Days, weeks, months plodded by with no inkling of what to write, nor the desire to do so. This is a new feeling for me. If writing is my oxygen, what happened to my supply? What was wrong with me? Was I fooling myself when I laid claim to the title Writer? An overwhelming sense of failure and of having disappointed people took over which kept me frozen, lifeless in the lands of the blank page and empty mind.
Through the love and caring of a dear friend, he freed me from these frozen wastelands by reminding me of my own words when he uttered that fateful word Excuses.
How many times have I chided others for choosing to be overwhelmed? How many times have I repeated with disdain my catch-phrase, “Being overwhelmed is a choice. Stop moaning and tackle the pile from the top. It’ll be cleared away in no time,”? How blind are those who refuse to see as I have been.
The choice to be overwhelmed stems from a fear of some kind. In this instance, mine was the fear of imperfection. I am a writer after all. I can’t have improper sentences, misspelled words, and unsavory slang riddling my thoughts and permanently engraved in cyberspace. Surprise, Cathleen! Writers are here to record and re-tell the stories of Humanity in all its imperfection.
Goya and Calder have taught me many things, of which I will write later.
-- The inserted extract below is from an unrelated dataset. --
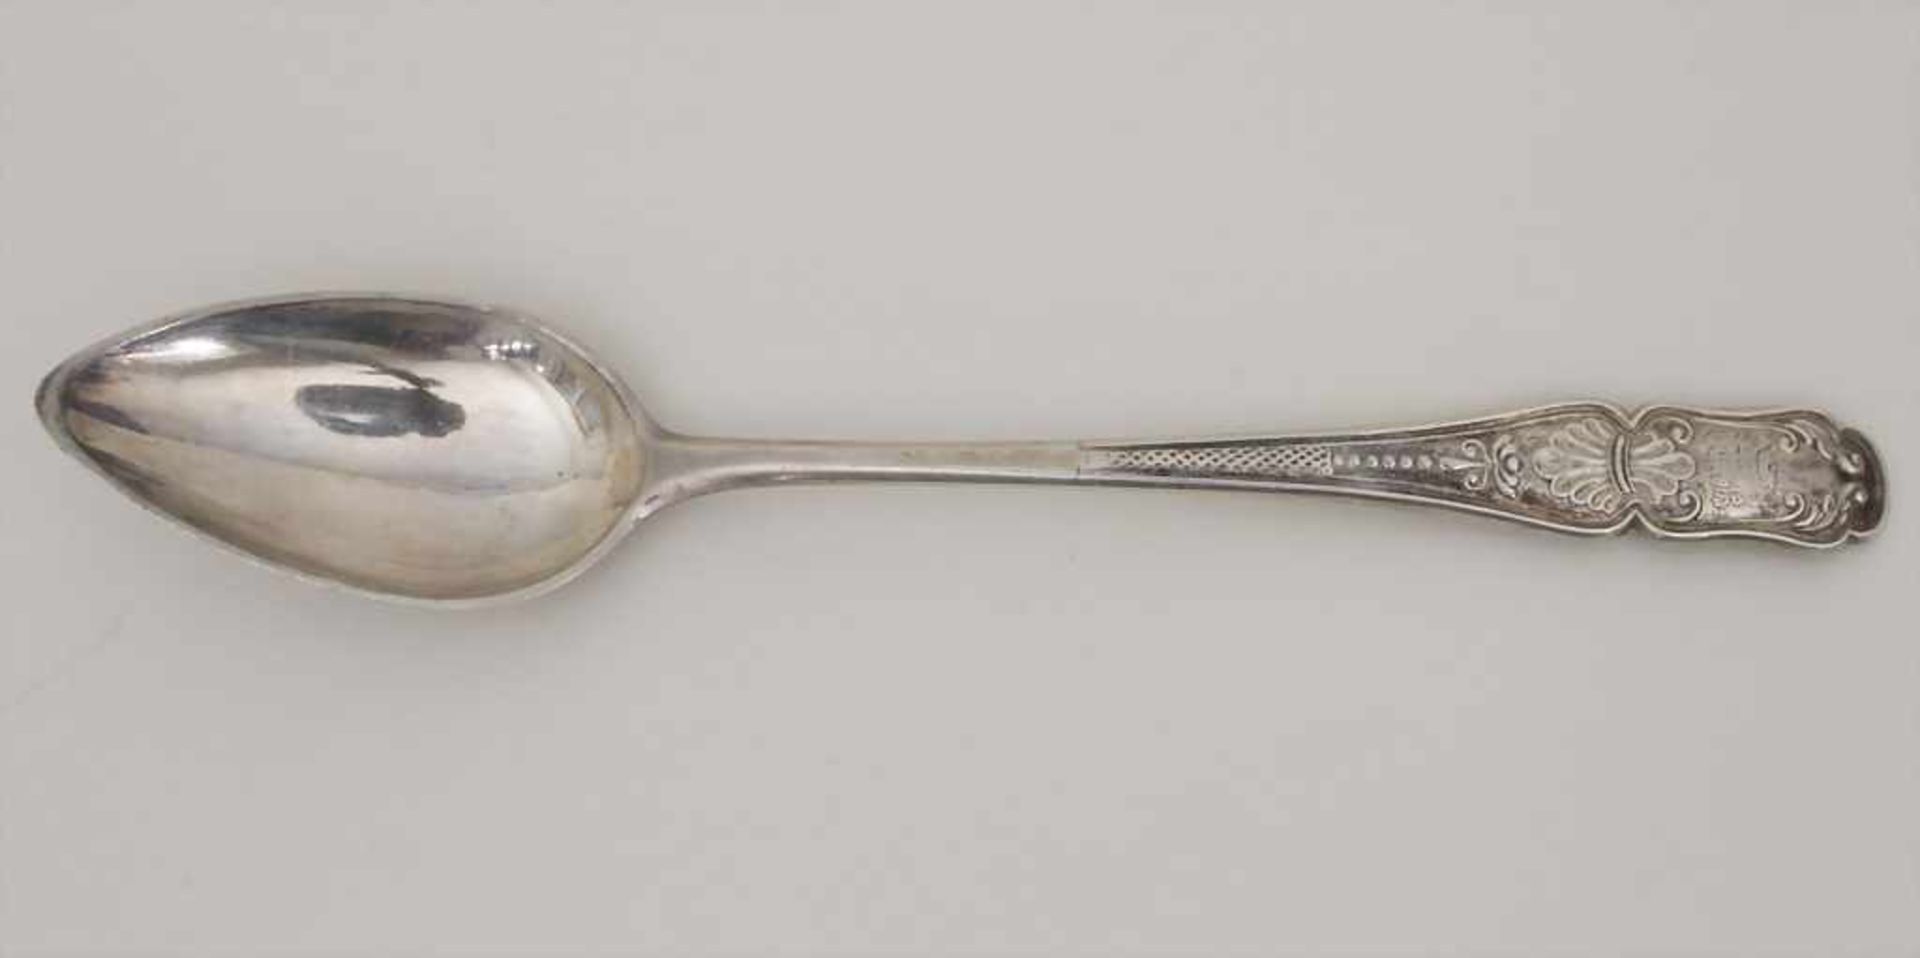 6 Teelöffel / 6 silver tea spoons, um 1800Material: Silber, 12 Lot, Punzierung: Beschaumarke, - Image 3 of 6

Those I am most grateful for are the lessons that there is beauty in imperfection, imbalance – the good, the bad, and the ugly as it were -, and that the only way I can fail as a writer, indeed as a Human Being, is not to express that beauty, to remain silent in fear of misunderstanding or misspeaking. As my friend so adeptly showed me by example, if I don’t say anything, I am not loving those I proclaim to care about.
So, kind readers, I place my thoughts before you. Incomplete. Imperfect. In love. Thank you, Kevin.